I think, my problem is that for every different 'params' vector I get different 'ppts' vector, not only single value, and I don't know if solve_least_squares function can match my example.
I must calculate residual for every point. I think, my 'list' from aforementioned link should be something like this:
(ppts[i].x - dstpoints[i].x, ppts[i].y - dstpoints[i].y, ppts[i+1].x - dstpoints[i+1].x, ppts[i+1].y - dstpoints[i+1].y, etc.)

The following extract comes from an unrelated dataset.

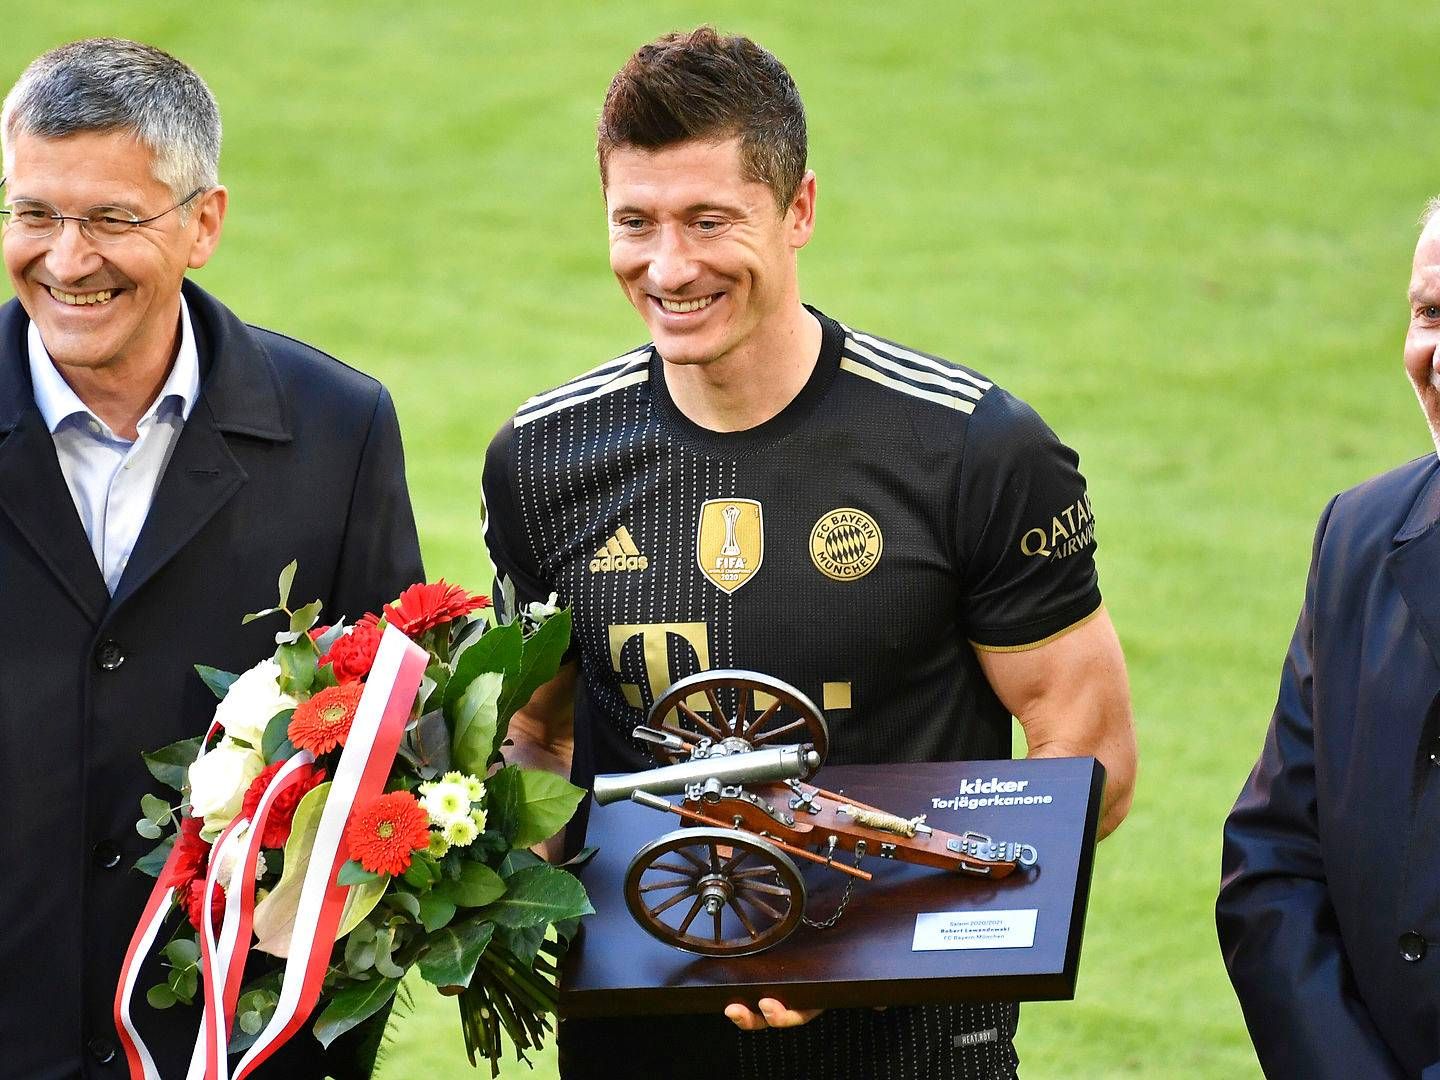 Nent håber, at Polens største fodboldstjerne, Robert Lewandowski, der sidste sæson blev Bundesligaens mest scorende og hjalp Bayern München med at vinde ligaen bliver et trækplaster for Viaplay. | Foto: Frank Hoermann/AP/Ritzau Scanpix

, where 'ppts' vector depends on 'params' vector and then this problem can be solved with least squares algorithm. I don't know how to create data_samples with these assumptions, because it requires dlib::input_vector for every sample, as it is shown in example: http://dlib.net/least_squares_ex.cpp.html.
Am I thinking right?
I'm doing the same thing this days. My solution is writing a Powell Class by myself. It works, but really slowly. The program takes 2 minutes in dewarping linguistics_thesis.jpg.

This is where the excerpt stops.